▸ WHAT THE EXERCISE ASKS
When copying the data below, keep only the lines from the one with "Deckenlampe, Ventilator aus" through the one with "Urząd Miasta Krakowa", word for word, and skip the pictures.
[Opening DATASET CONTENT section]
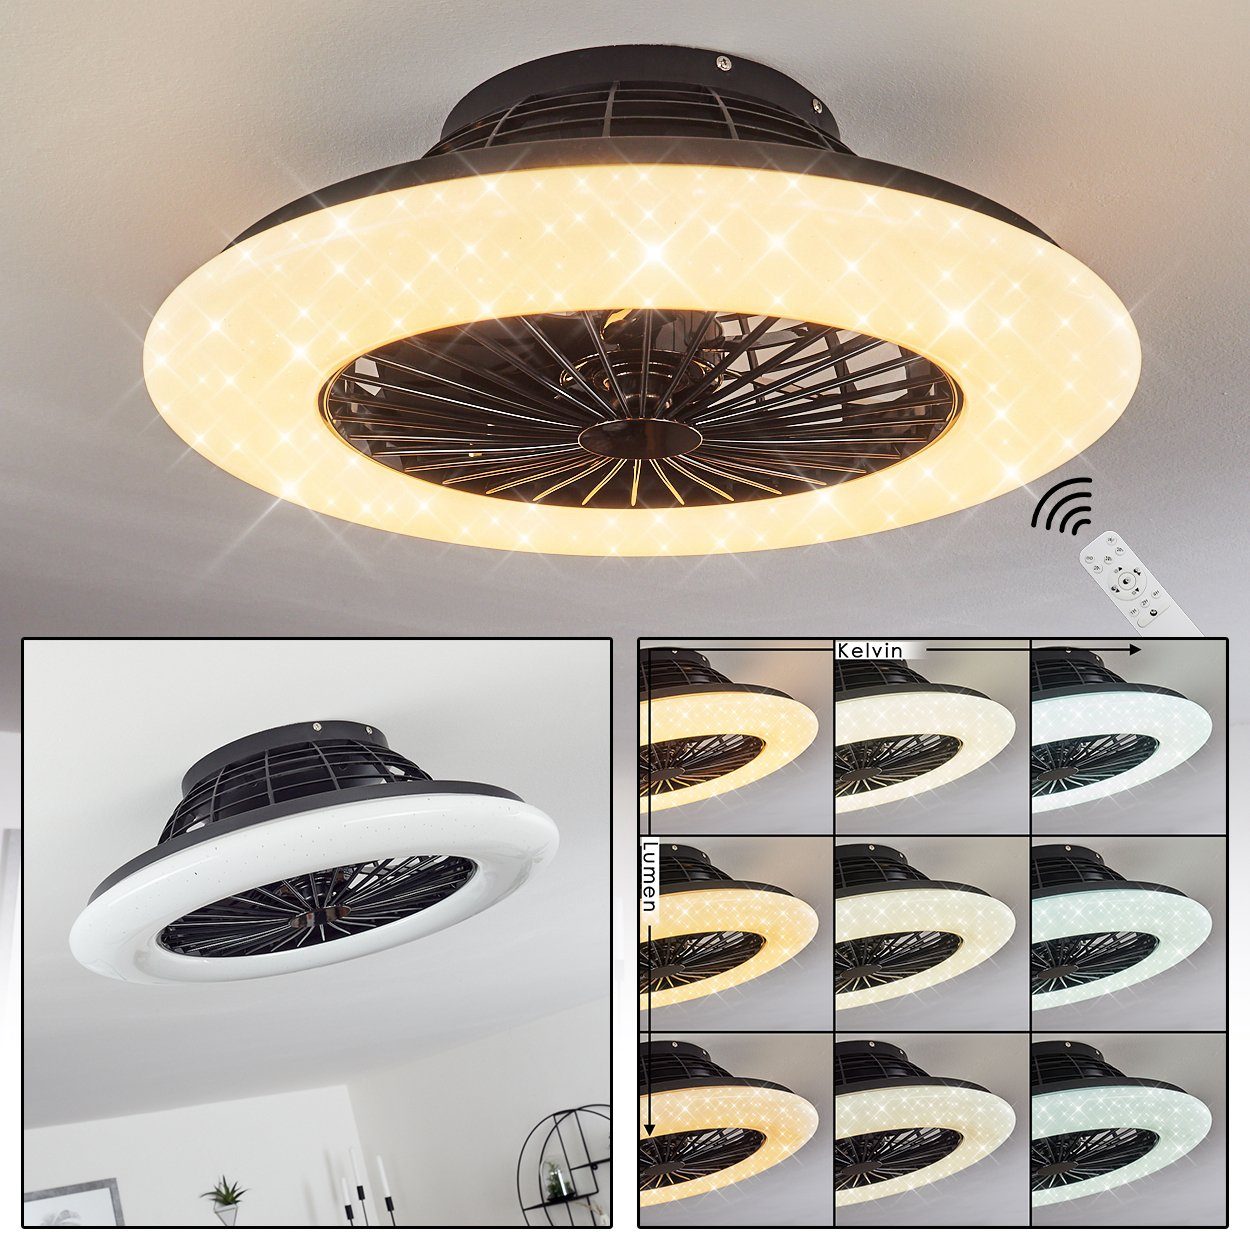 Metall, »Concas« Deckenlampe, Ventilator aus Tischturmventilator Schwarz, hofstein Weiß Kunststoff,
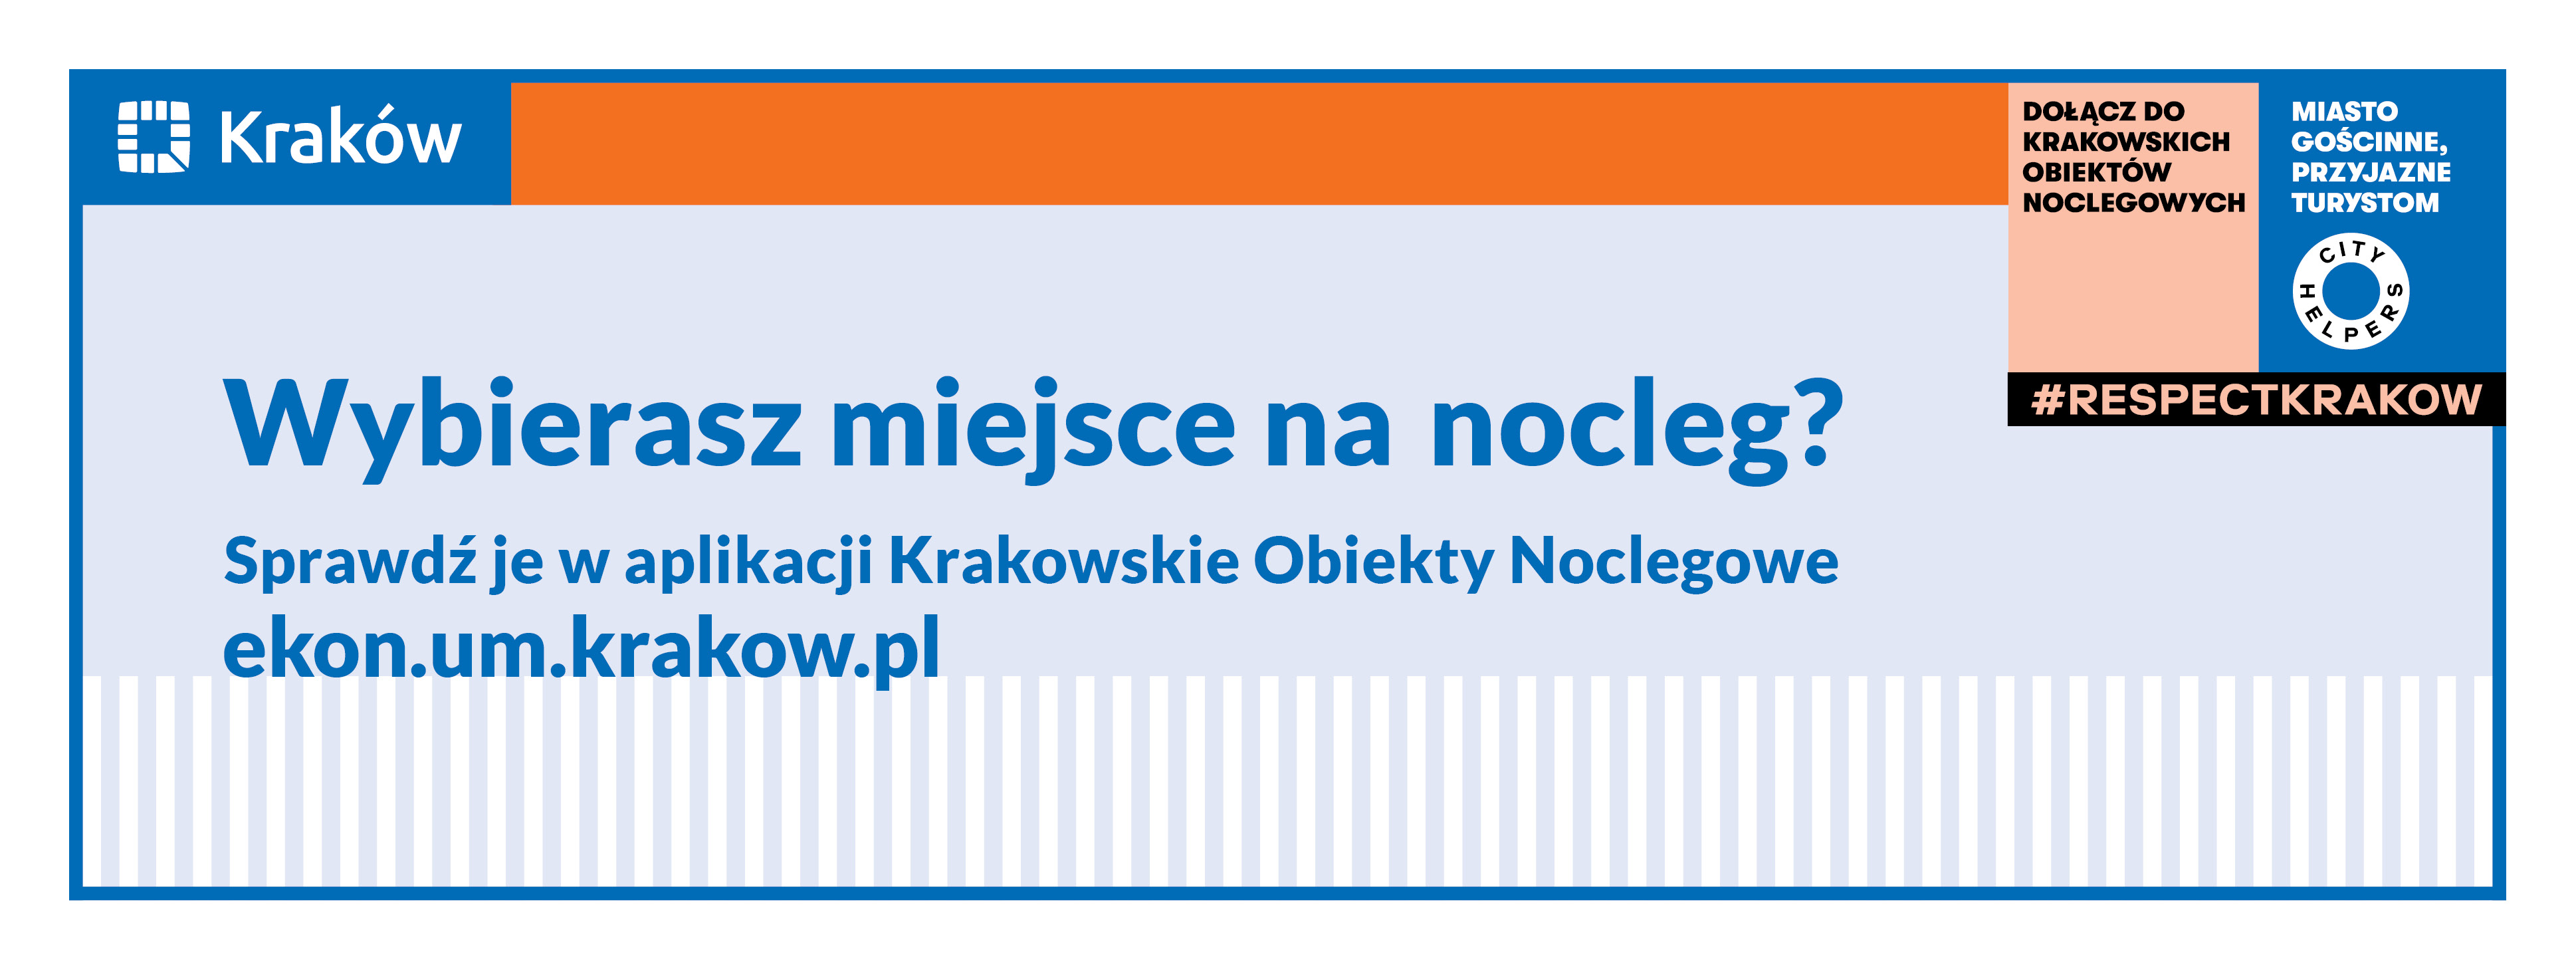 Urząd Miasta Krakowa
[Closing DATASET CONTENT section]
[Opening DATASET CONTENT section]
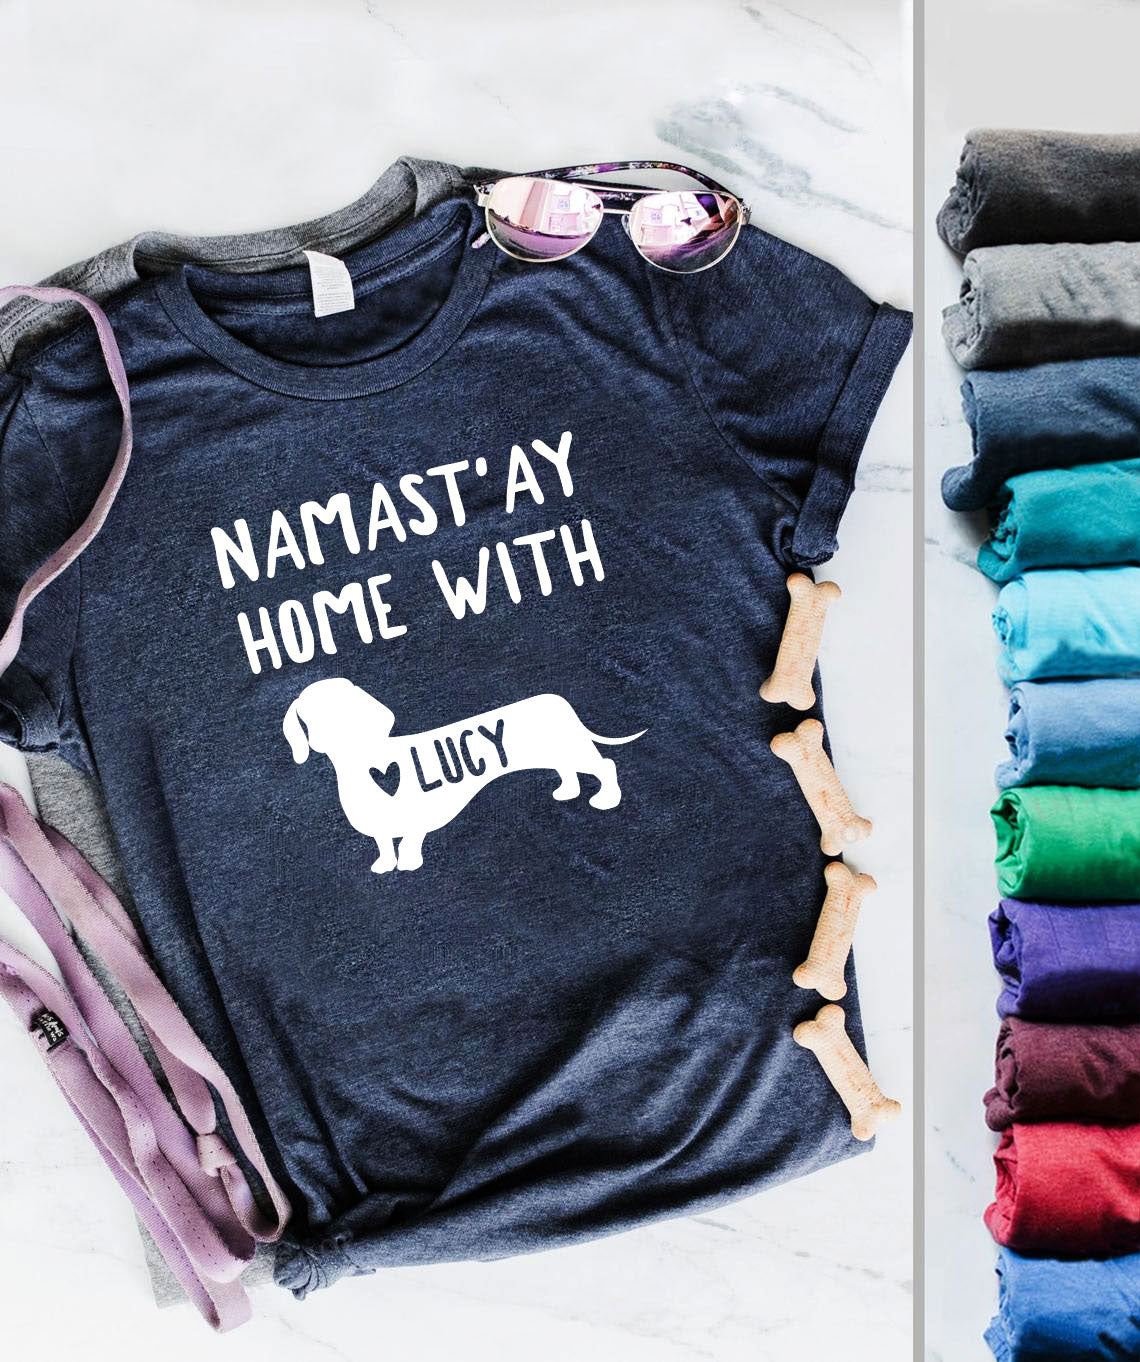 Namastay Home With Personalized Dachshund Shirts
[Closing DATASET CONTENT section]
[Opening DATASET CONTENT section]
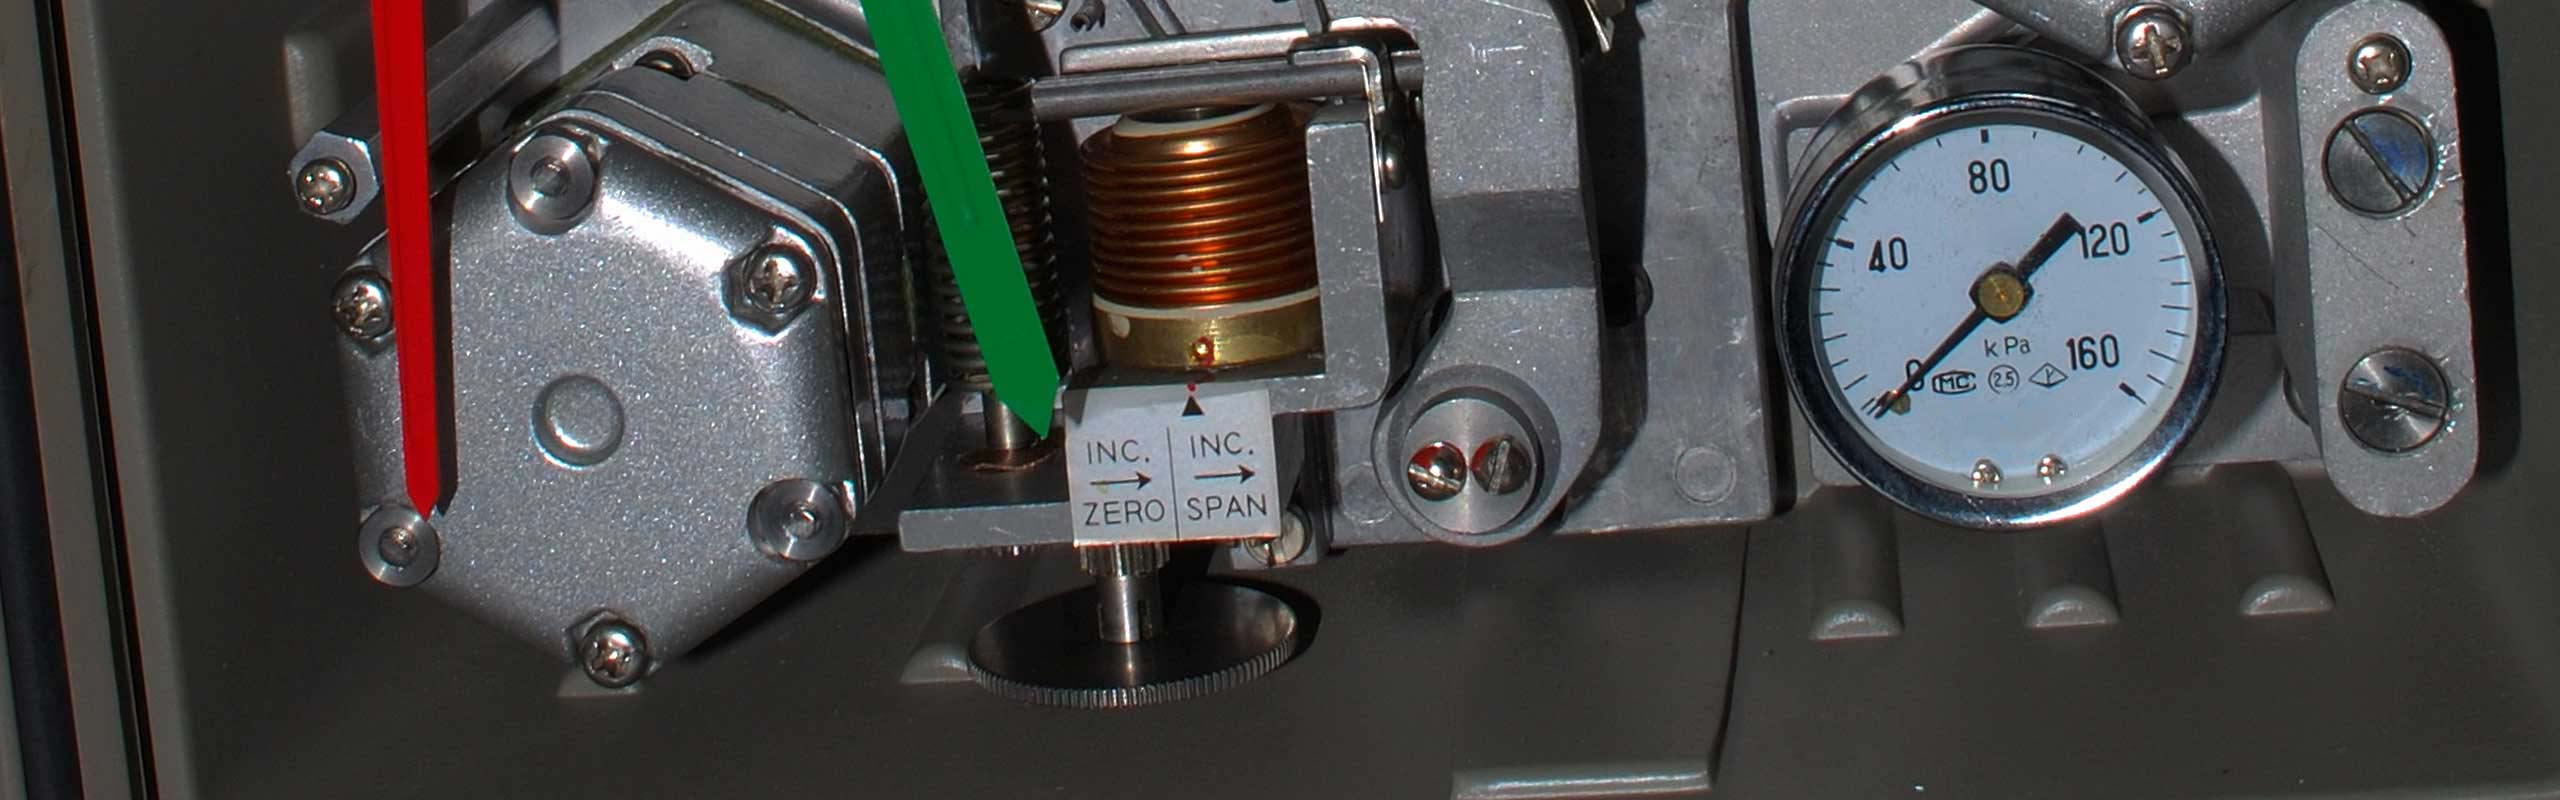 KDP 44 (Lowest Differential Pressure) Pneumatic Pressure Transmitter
[Closing DATASET CONTENT section]
▸ WRITTEN ANSWER
 Metall, »Concas« Deckenlampe, Ventilator aus Tischturmventilator Schwarz, hofstein Weiß Kunststoff,
 Urząd Miasta Krakowa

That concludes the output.